A reader from France, SW, wrote to ask some questions about English intonation:

It is with great interest that I discovered your posts on ‘uptalk’ on Language Log, in which you briefly retrace the history of the study of the phenomenon. In several of these posts, you highlight the fact that the association of uptalk with unassertiveness and tentativeness is unfounded, to say the least.

May I ask you if you thereby intend to correct the view propagated by somewhat simplistic newspaper articles, or if you are also disputing the views held by certain linguists?

(I would like to specify that my question is by no means meant to be polemical.
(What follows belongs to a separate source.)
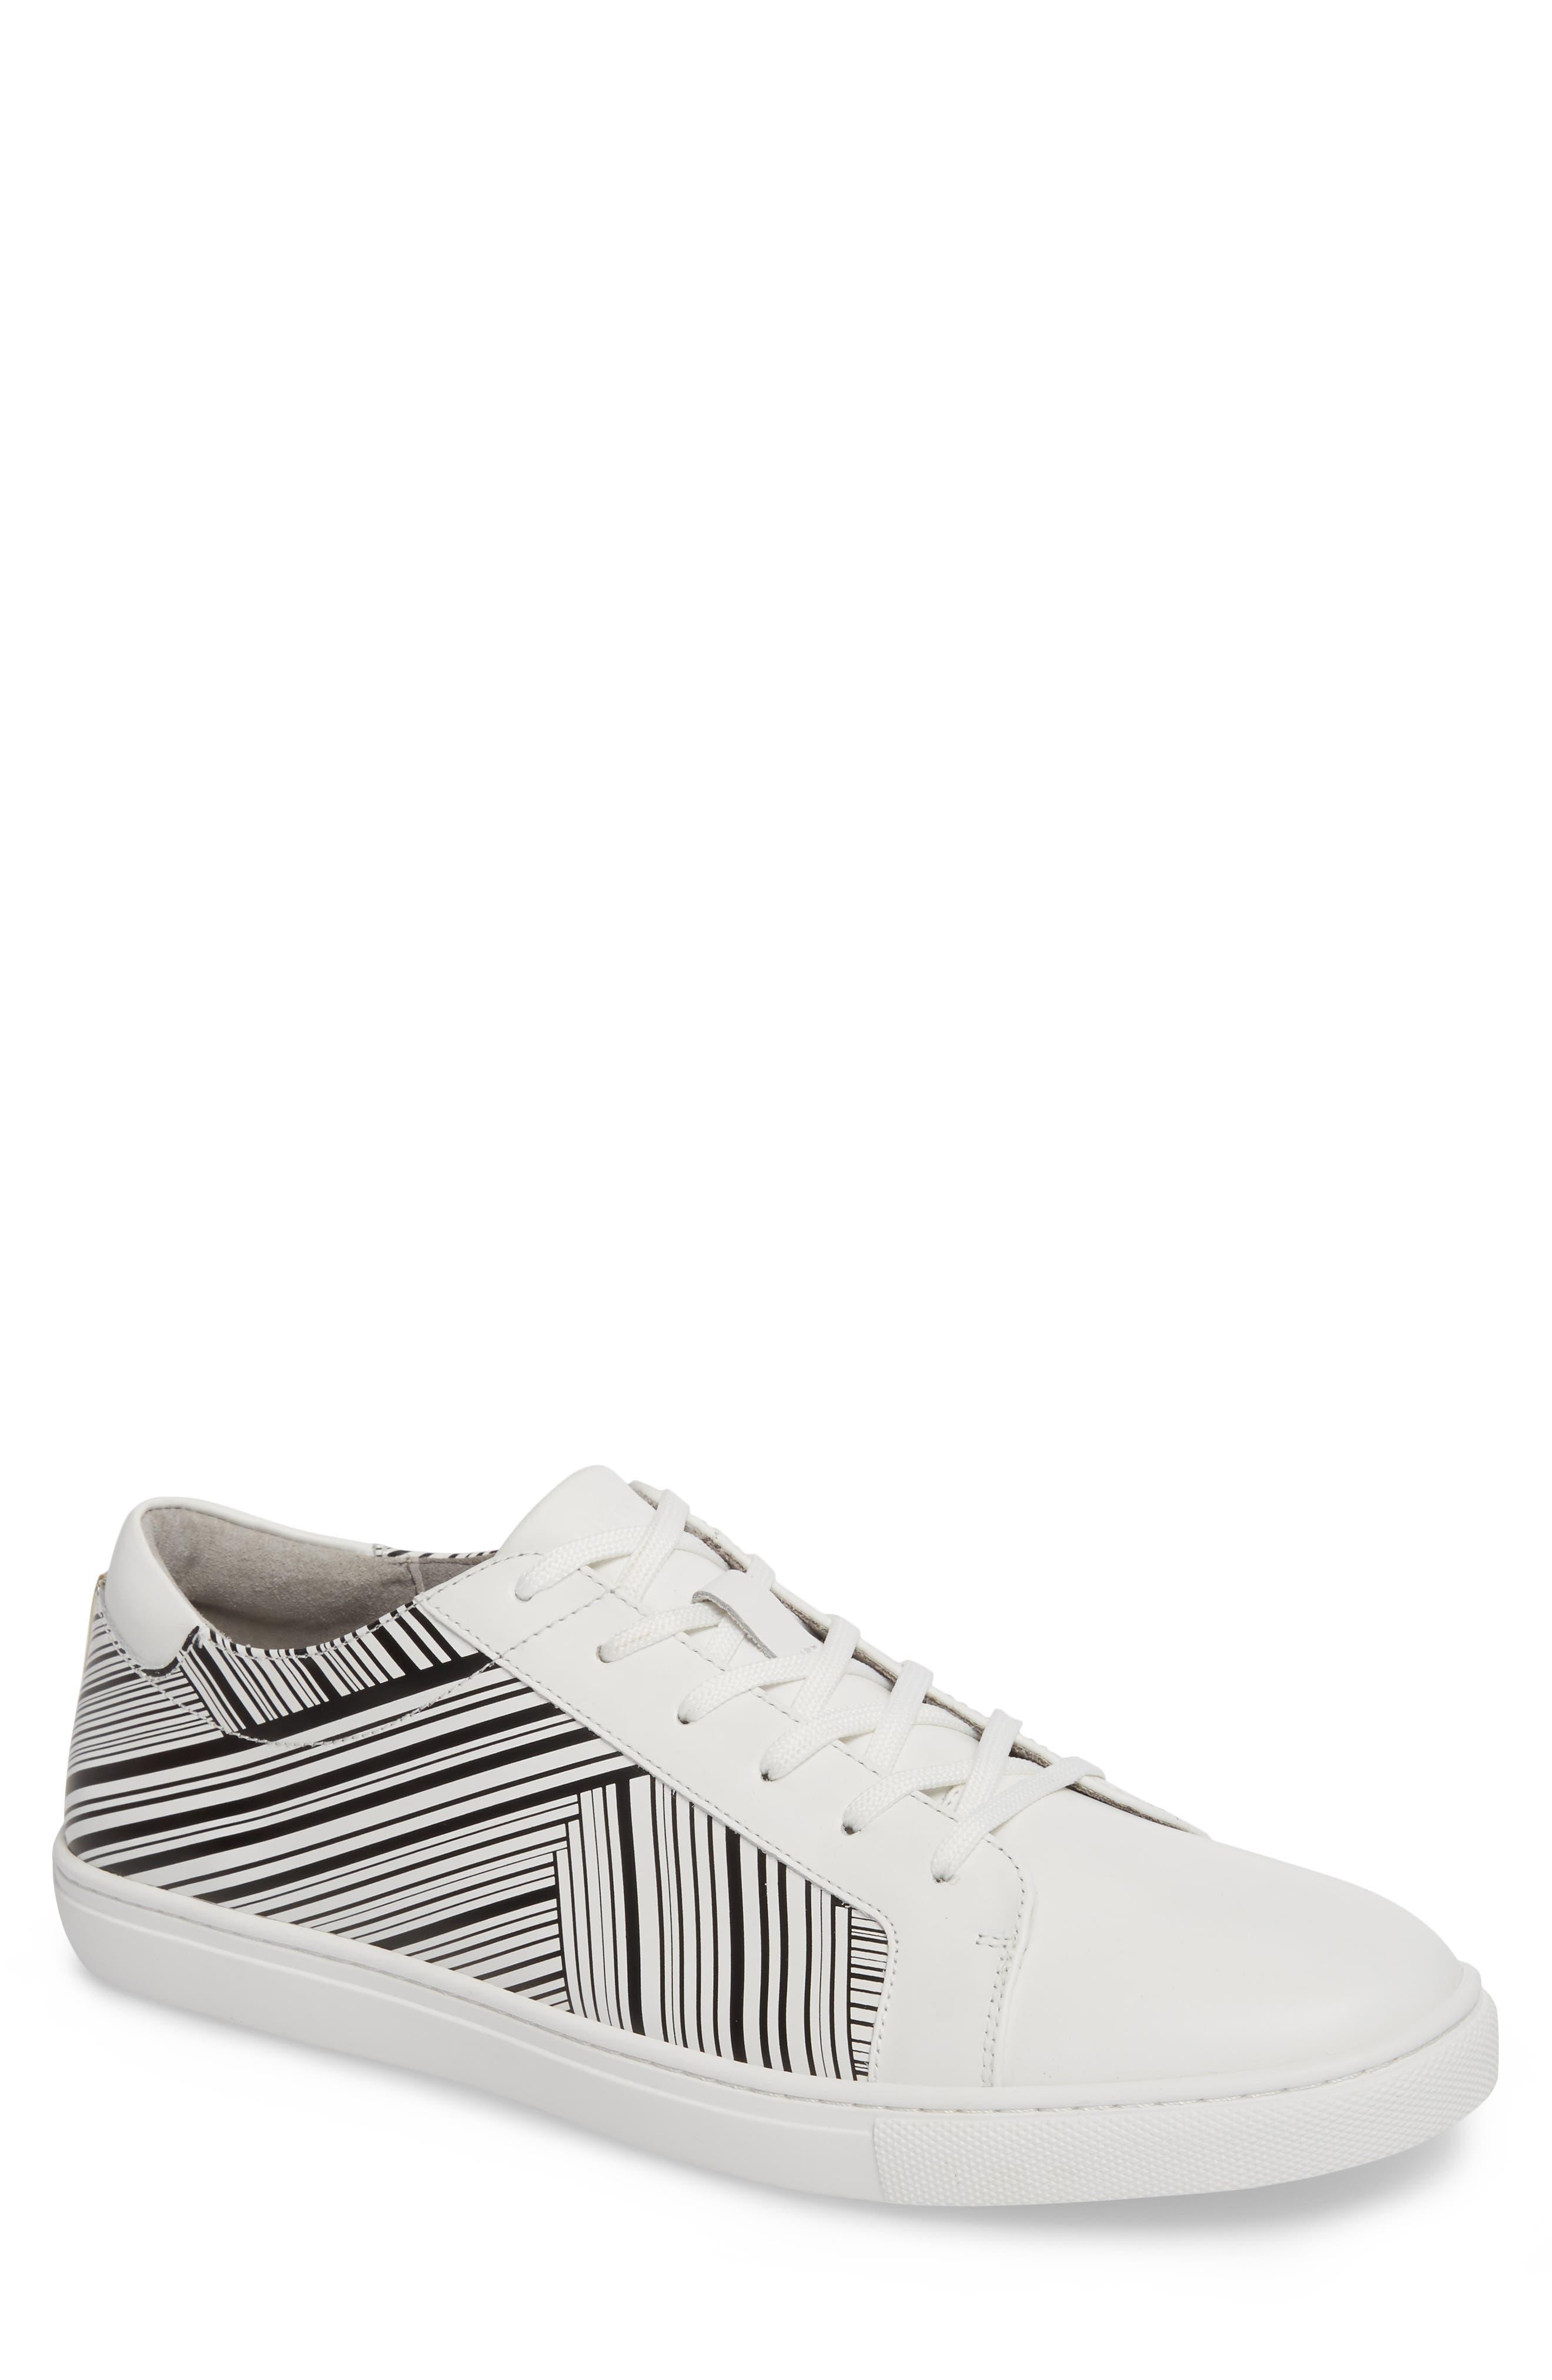 Kam Sneaker,                         Main,                         color, White/ Black Leather

I am currently doing research on language change and suprasegmental innovations in Leeds, where young people have recently been observed to use rising tones (UNB rises, not HRTs) at the end of declaratives, and I am trying to obtain information about the history of research on uptalk.)

I also noticed that you had entitled one of your posts ‘uptalk is not HRTs’. Could I ask you what difference you would then make between uptalk and HRTs (I had hitherto assumed that Alan Cruttenden and Robert Ladd established a clear difference between UNB rises on the one hand, and HRTs, *that is, uptalk*, on the other hand).

These questions and their answers are a bit more "inside baseball" than usual for Language Log — but perhaps some readers will be interested, and the rest of you are hereby warned to move along to another post.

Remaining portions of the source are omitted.